Re Venue Manager Matt Dale and Sam Cocks will host a ‘How to Build a Rubbish Bar’ presentation and showcase their venue’s focus on sustainability along with highlighting ways for bars to approach new ideas utilising waste from venues, farmers and other providers.
Dale said: “Re is really excited to be heading to Adelaide on our first Australian takeover for 2023. We were extremely humbled when the whole team from Memphis Slims and surrounding bars came to Re last year and we are stoked to return the favour with the help of Bombay Sapphire.”
Next up Matt and Sam will take over the bar at Memphis Slim’s from 7pm on March 8. Currently ranked 87th in the world, Re’s new menu ‘10×10’ will be focusing on the top 10 most wasted items in the world and creating a pantry of 100 items only using those 10 ingredients. The four cocktails on offer for the takeover are drawn from this menu.

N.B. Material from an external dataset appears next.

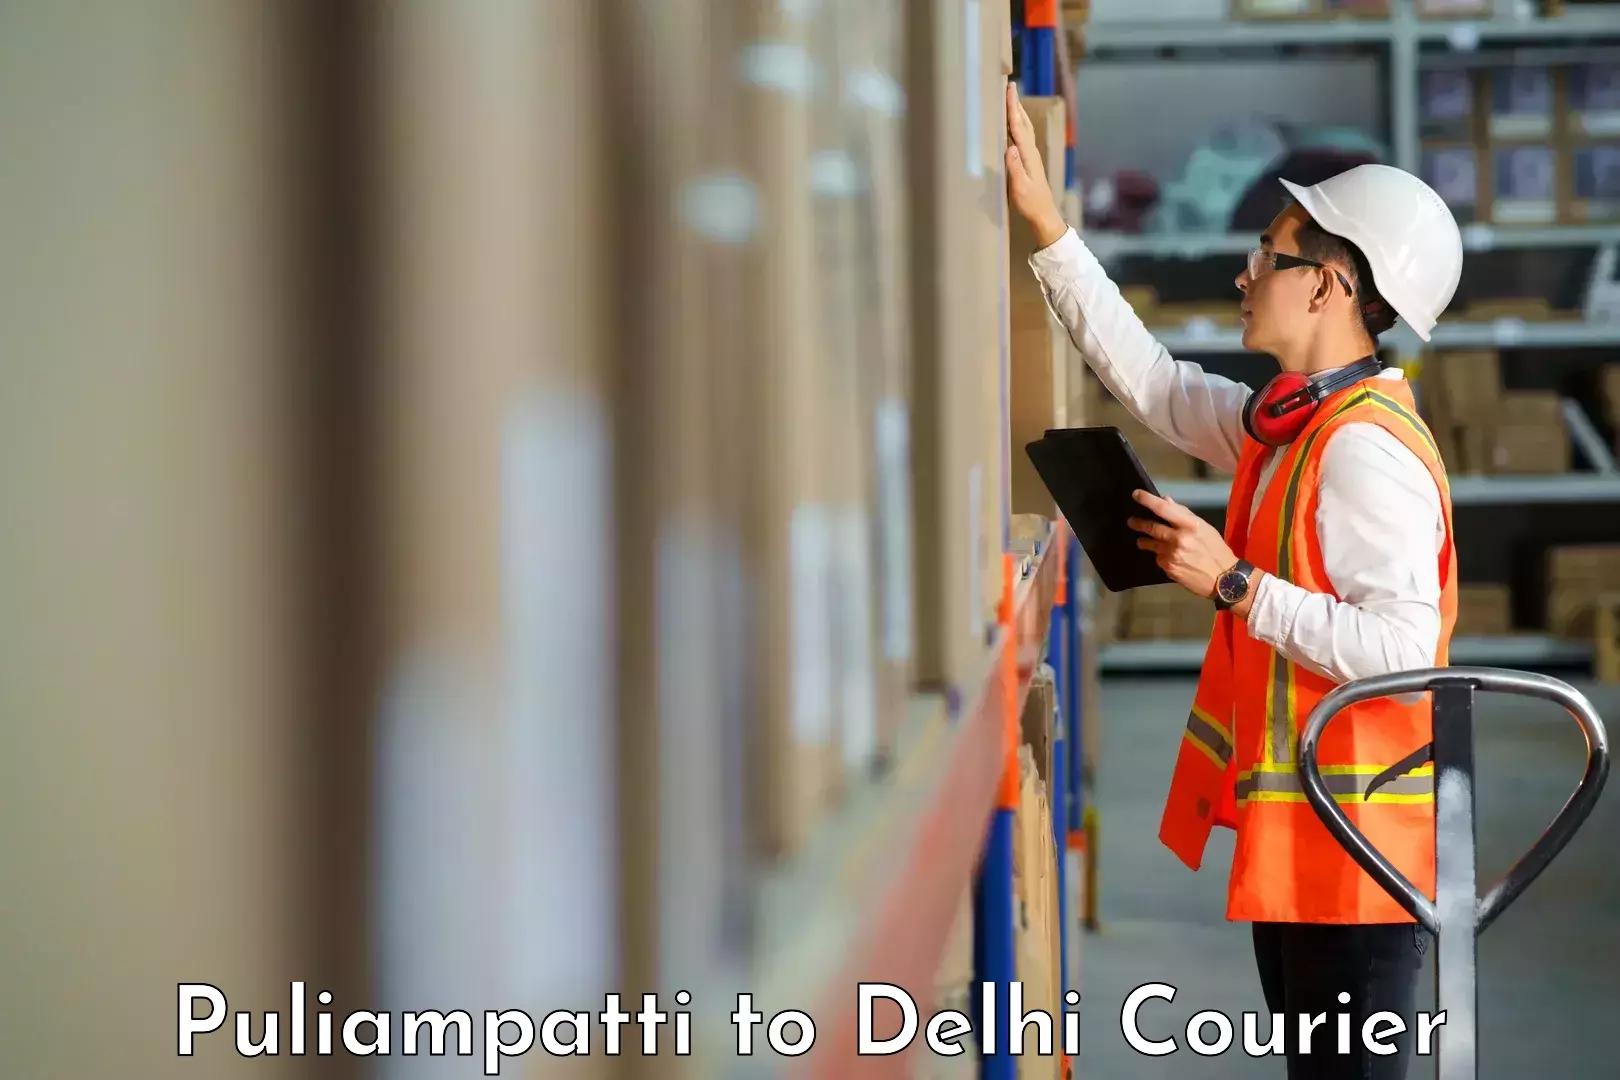 Business delivery service Puliampatti to East Delhi

PnV (above) – Grey Goose, Green Olive, Fennel Flower, Black Garlic Vinegar, PnV Waste Wine (pictured above). Grey Goose
is distilled and bottled in France using only locally sourced ingredients. The soft winter wheat husks are used for
livestock feed ensuring no waste is going into landfill. A recent bottle design has reduced weight by 14% further
minimising transport emissions.
Koji & Co – Bombay Sapphire, Roasted Koji, White Peach, Strawberry Gum, Native Mint Amazake. Bombay
Sapphire’s 10 botanicals are sustainably sourced, the liquid is created with 100% renewable electricity, the distillery
sends nothing to landfill and the brand is on track for net zero carbon emissions by 2030.
Wildflower – Patrón Silver, Cucumber Tamari, Marron Shell, Man-gaitch, Amazake Lees, Juracon. Patrón is taking care of the resources and people that craft the world’s finest tequila -agave fibres are transformed into high-quality compost, water is reused in production and irrigation saving 10,000 cubic metres in the first year.
Maylands – Bacardi Carta Blanca, Illawarra Plum Wine, Plum Vermouth, Riberry Boshi, Preserved Honey Myrtle.
Bacardi has cut greenhouse emissions by 50% since moving from oil to gas power in 2023 in their distilleries. This in
addition to all sugarcane requirements being sustainably sourced from bonsucro – certified suppliers illustrates Bacardi
is moving to make a positive impact on the world.
Sydneysiders can also sample the cocktails at Re.